Spanish writer and poet (1926–2014)

Josep Maria Castellet Díaz de Cossío (15 December 1926 - 9 January 2014), also known as José María Castellet, was a Spanish Catalan writer, poet, literacy critic, publisher and editor.

Born in Barcelona, he began his career in writing in 1955, and wrote novels and poetry in both Catalan and Spanish. His final novel was published in 2012.

He played an outstanding role in the Spanish and Catalan culture life of the second half of the 20th century. He was the chief editor of the publishing house Edicions 62 (1964–1996) and afterwards president of the Grup 62. He was the founder and first president of the Associació d'Escriptors en Llengua Catalana (Catalan writers association), a board member of the Comunità europea degli scrittori, the Prix international de Littérature jury and the dean of the Institució de les Lletres Catalanes (Institution of Catalan letters).
Josep Maria Castellet died on 9 January 2014, aged 87, in his hometown of Barcelona.

== Biography ==
Castellet received his education as a literary critic by working for university magazines. His biographers stress his active participation in the editorial board of the magazine Laye (1950–1954), where he held a critical position towards contemporary Spanish literature, and the first publication of an article collection Notas sobre literatura española contemporánea (Notes on contemporary Spanish literature, 1955). His willingness for renewal and the discovery of the European literary critique through the Laye group led him to write La hora del lector (The reader's hour, 1957). As he wanted to make known a group of young poets that had started publishing in Laye (Carlos Barral, Jaime Gil de Biedma and José Agustín Goytisolo), he published the polemic anthology Veinte años de poesía española (20 years of Spanish poetry, 1960) that postulated historic realism. Ten years later a new anthology, Nueve novísimos poetas españoles (Nine brand-new Spanish poets, 1970), marked a change to new poetic tendencies after realism. In 1963 Castellet published, together with Joaquim Molas, Poesia catalana del segle XX (20th century Catalan poetry) guided by historic realism, a concept that he developed theoretically in Poesia, realisme, història (Poetry, realism, history, 1965).

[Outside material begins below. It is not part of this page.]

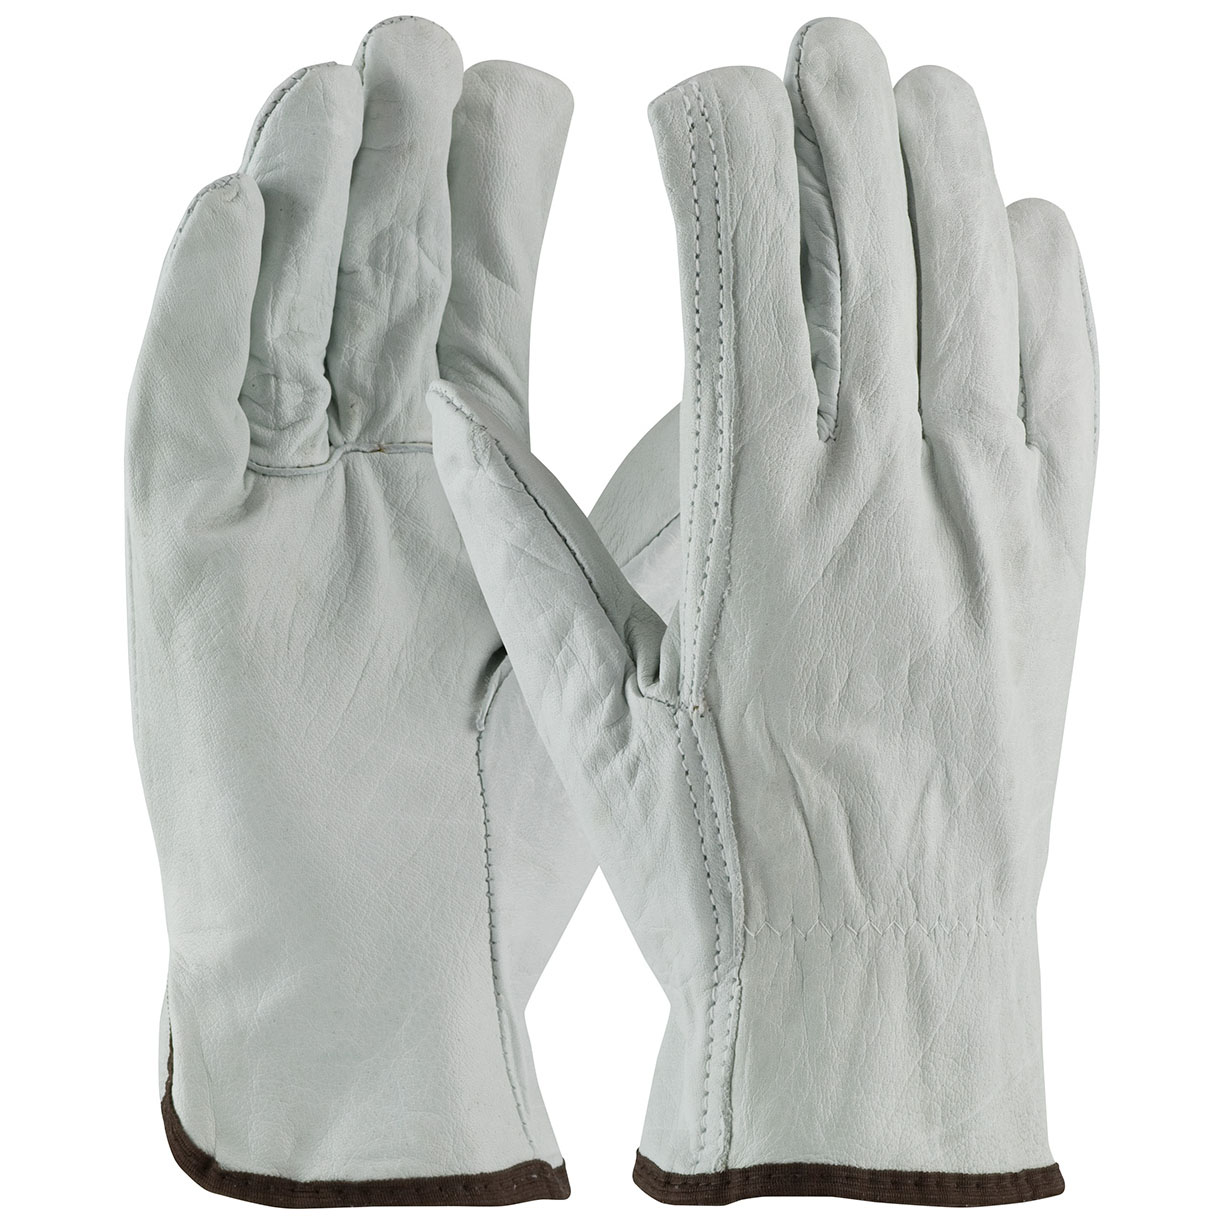 PIP® 686 Industrial Grade General Purpose Gloves, Drivers, Top Grain Cowhide Leather Palm, Top Grain Cowhide Leather, Natural, Slip-On Cuff, Resists: Abrasion, Unlined Lining, Straight Thumb

His work as a critic during that time centered on two important books that are still considered works of reference: the structuralist reading of the poetry by Espriu —Iniciació a la poesia de Salvador Espriu (Initiation to Salvador Espriu's poetry, 1971)— and the analysis of the narrative richness of Josep Pla's work, Josep Pla o la raó narrativa (Josep Pla or narrative reason, 1978).

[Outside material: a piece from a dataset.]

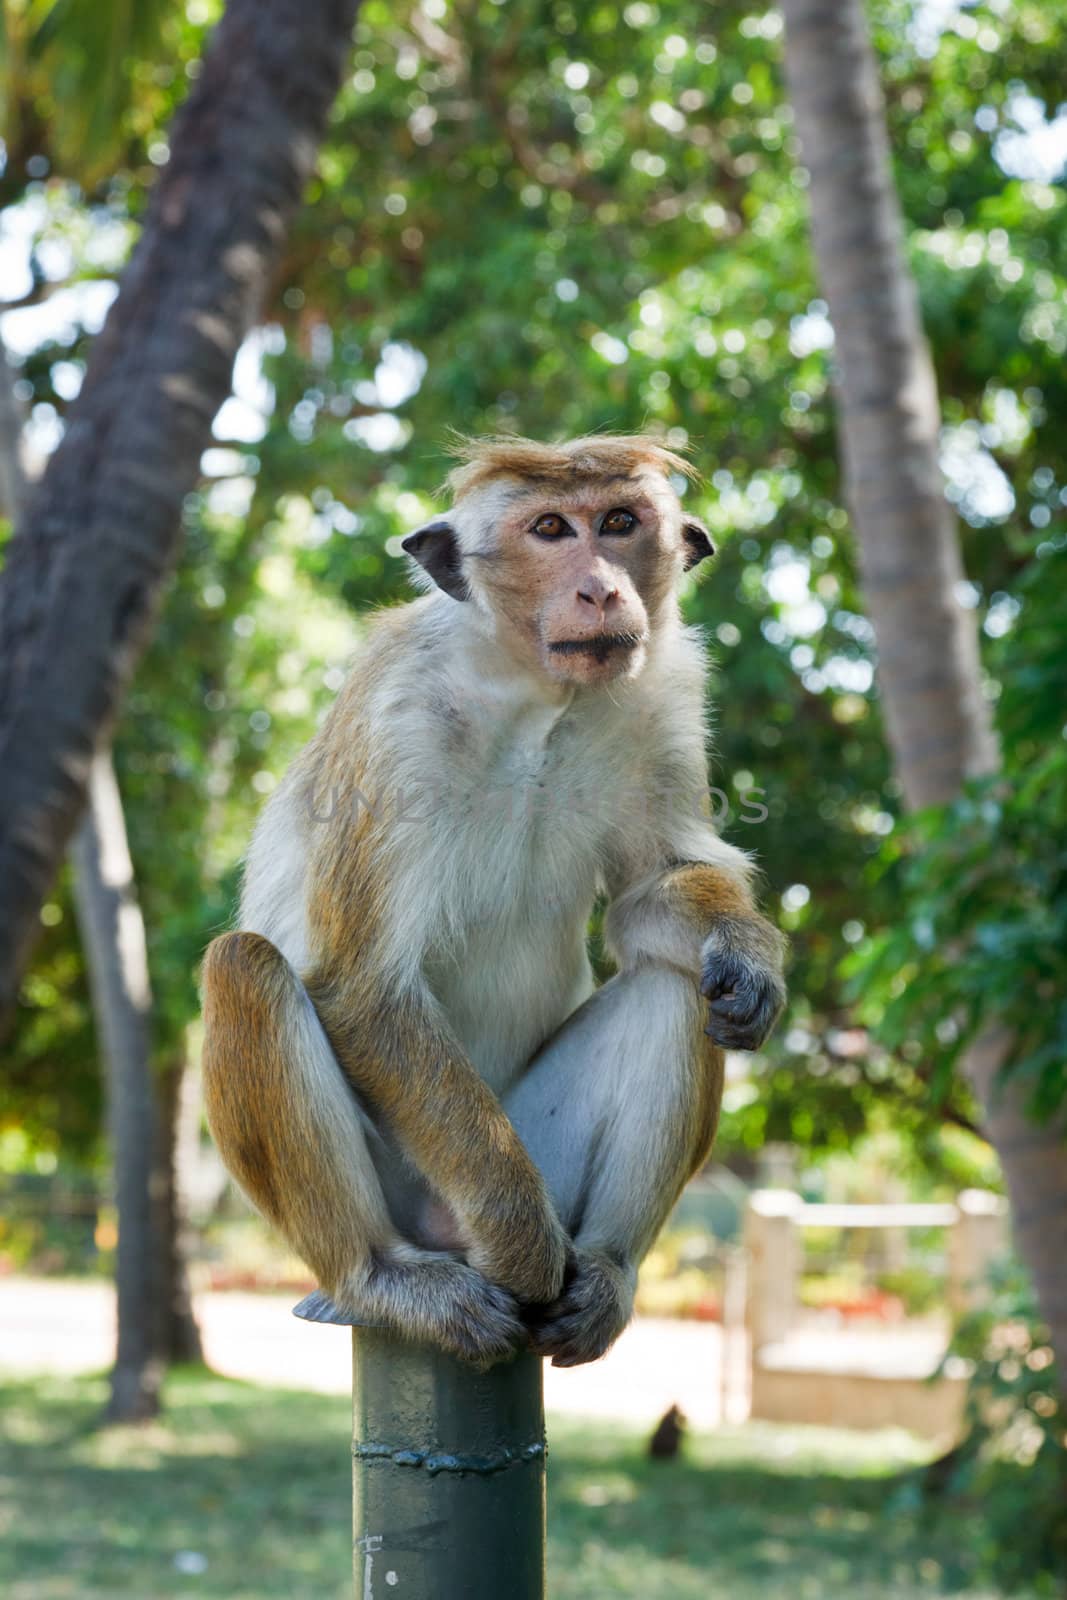 Long tailed macaque by dimol

In Per un debat sobre la cultura a Catalunya (For a debate on culture in Catalonia, 1983) he reflected on the role of culture in the recently democratic state and the frame of the autonomous region of Catalonia. His last works consisted of memories; the first one, not published until 2007 was Dietari de 1973 (Diary of 1973). He started this presentation of himself and his times in Els escenaris de la (Memory's stages, 1988), went on with Seductors, il·lustrats i visionaris (Seducers, enlightened and visionaries, 2009) and Memòries confidencials d'un editor. Tres escriptors amics (Confidential memories of a publisher. Three befriended writers, 2012).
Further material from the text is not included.